CHIPEWYAN


Meaning of CHIPEWYAN in English

the most numerous Athabascan-speaking Indian people in northern Canada, inhabiting a large triangular area with a base along the 1,000-mile-long Churchill River and an apex some 700 miles to the north; the land comprises boreal forests divided by stretches of barren ground. Split into many independent bands, the Chipewyan were nomads following the seasonal movement of the caribou, their chief source of food and of skins for clothing, tents, nets, and lines. Also sought were bison, musk-oxen, moose, waterfowl, and fish. Chipewyan culture was noted for its rather ruthless pattern of survival of the fittest. Strong men in each band overlorded the weak, pilfering their goods and seizing their women.

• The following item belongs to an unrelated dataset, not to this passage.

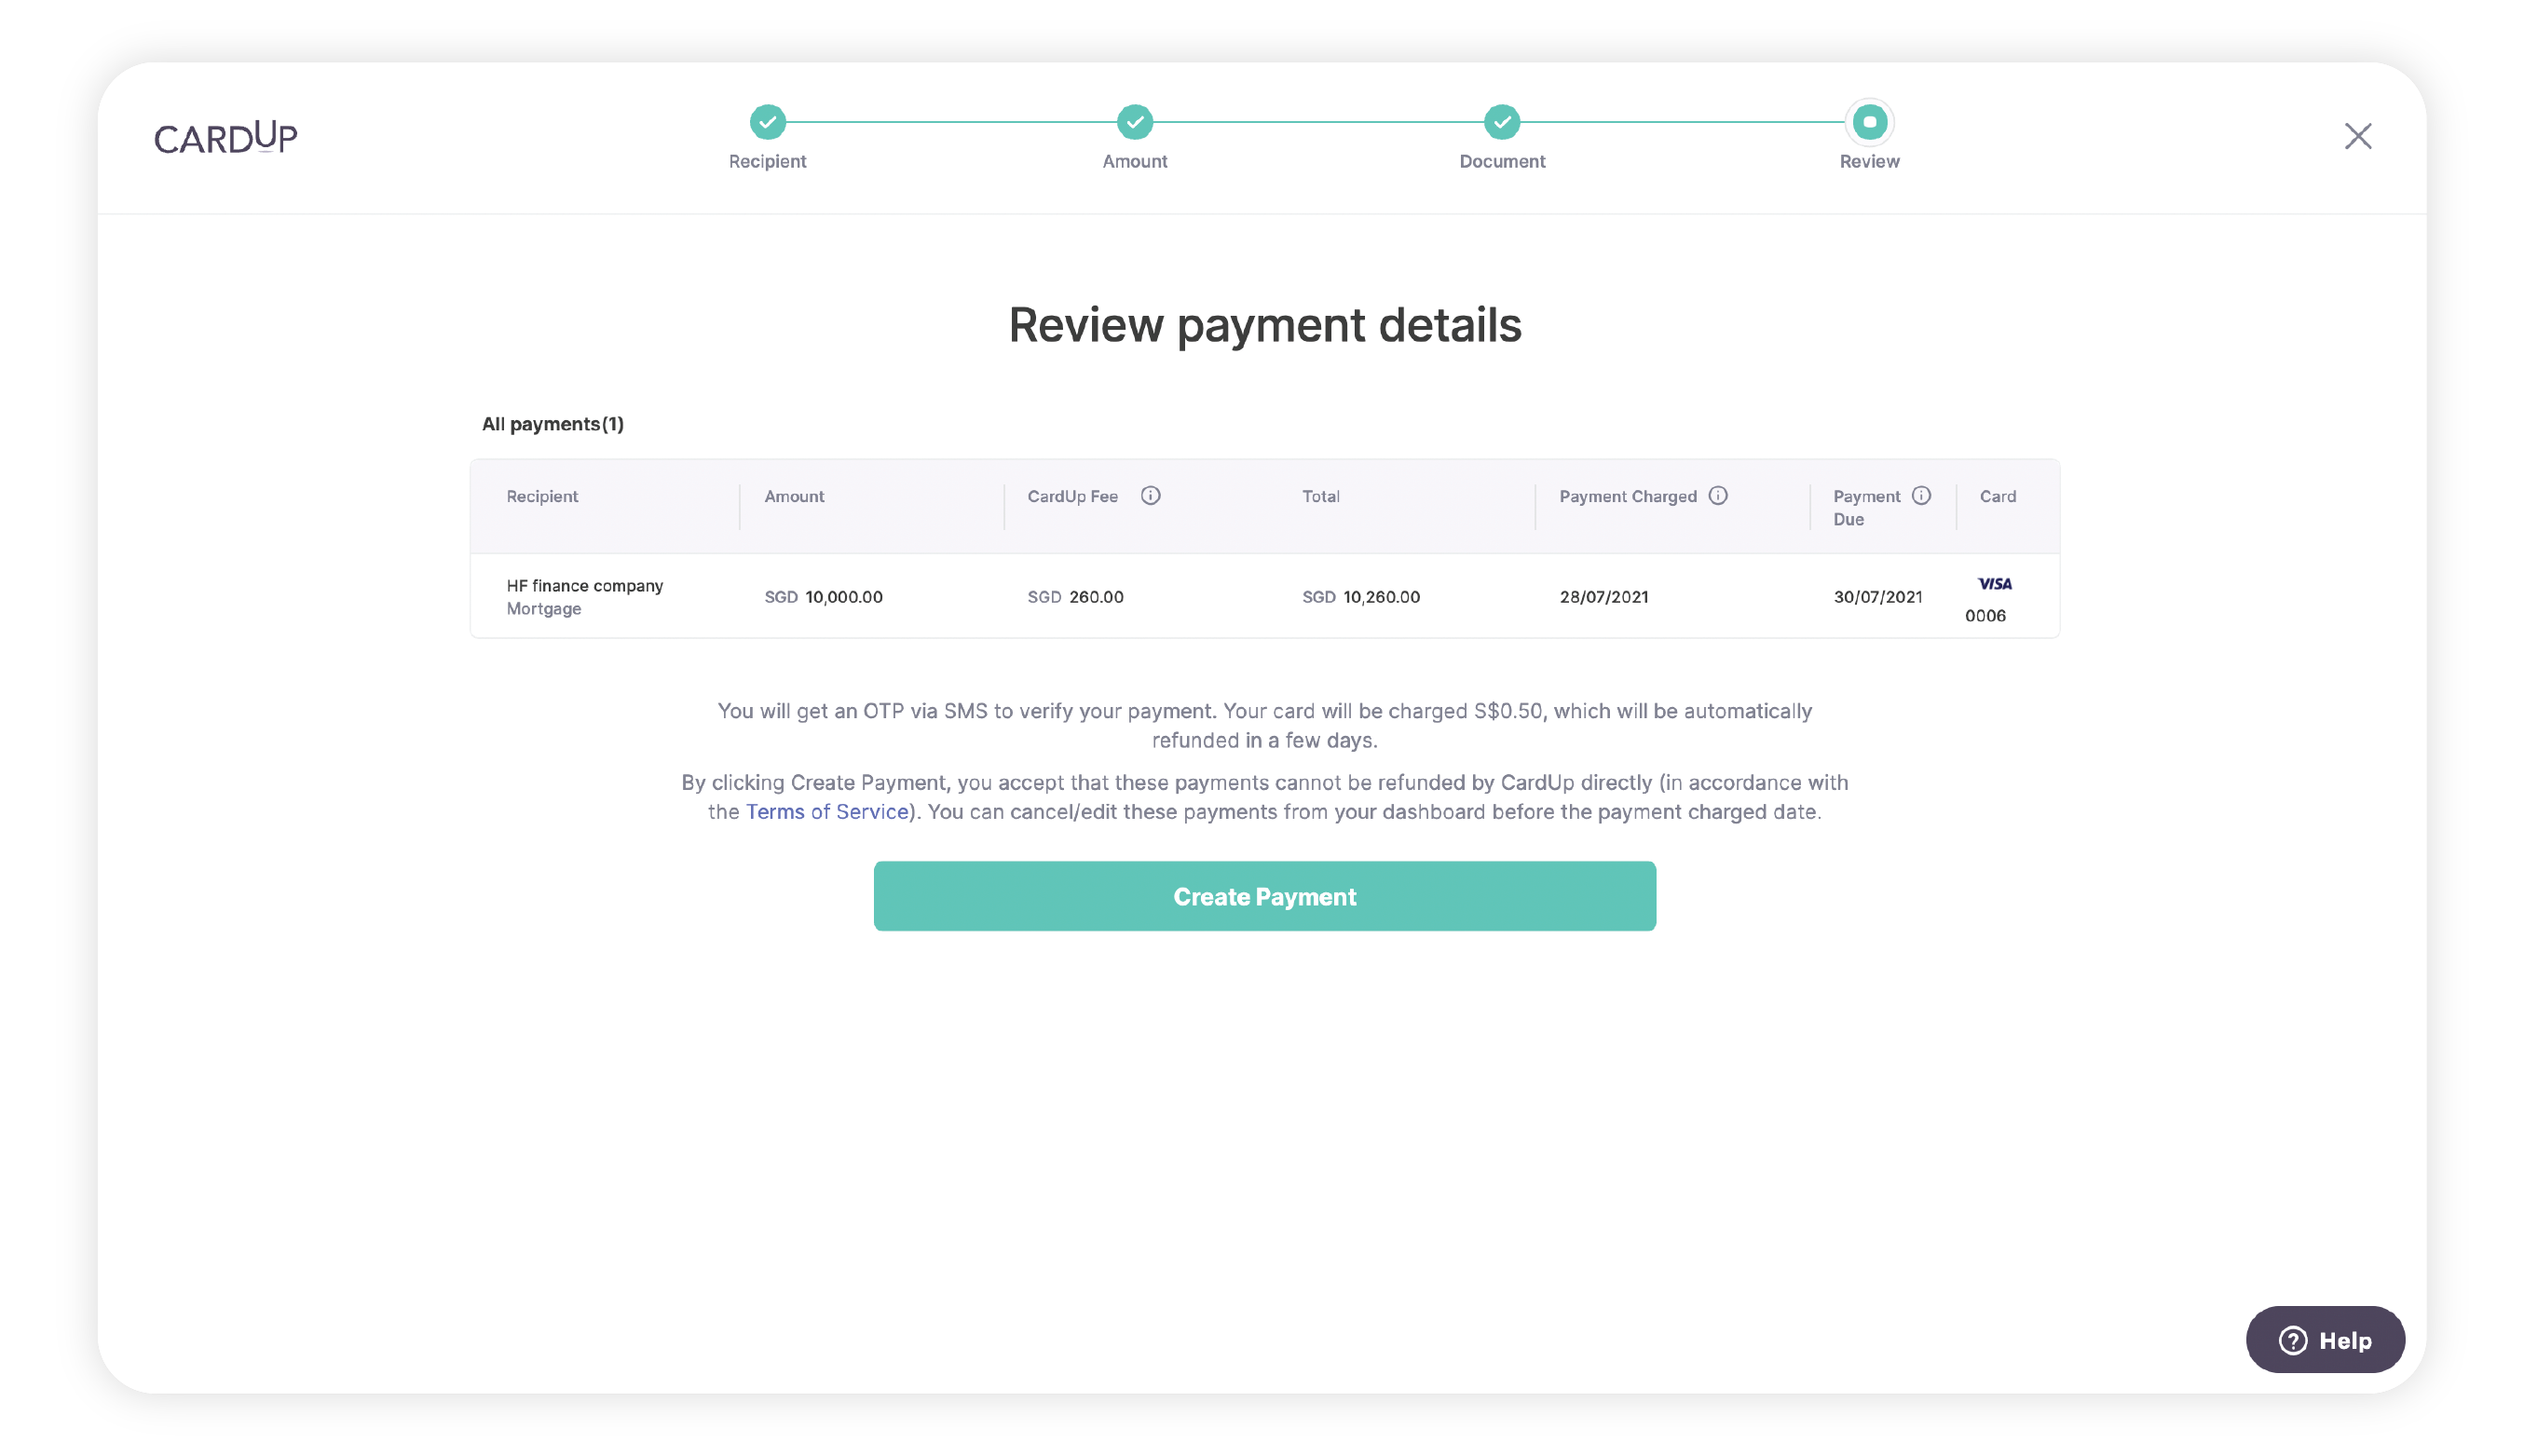 Review payment details

Females were extremely abased, being married off in adolescence and living lives virtually as beasts of burden, pulling toboggans or carrying packs on their backs, and suffering from numerous restrictions. The weak and aged who could not keep up were left to die on the trail. Murder, however, was considered abhorrent and was rare. There was a general belief in visions, dreams, and guardian spirits, in the powers of medicine men to cure or cause disease, and in deliverance to a happier place after death. When the Hudson's Bay Company established a fur-trading post at the mouth of the Churchill in 1717, the Chipewyan turned to hunting fur animals and acting as middlemen in the fur exchange with the Yellowknife and Dogrib farther west, often exacting huge profits. A smallpox epidemic in 1781, however, decimated the Chipewyan, and subsequent periods of disease and malnutrition and the decline of the fur trade have reduced their numbers to only about 5,000 in the late 20th century.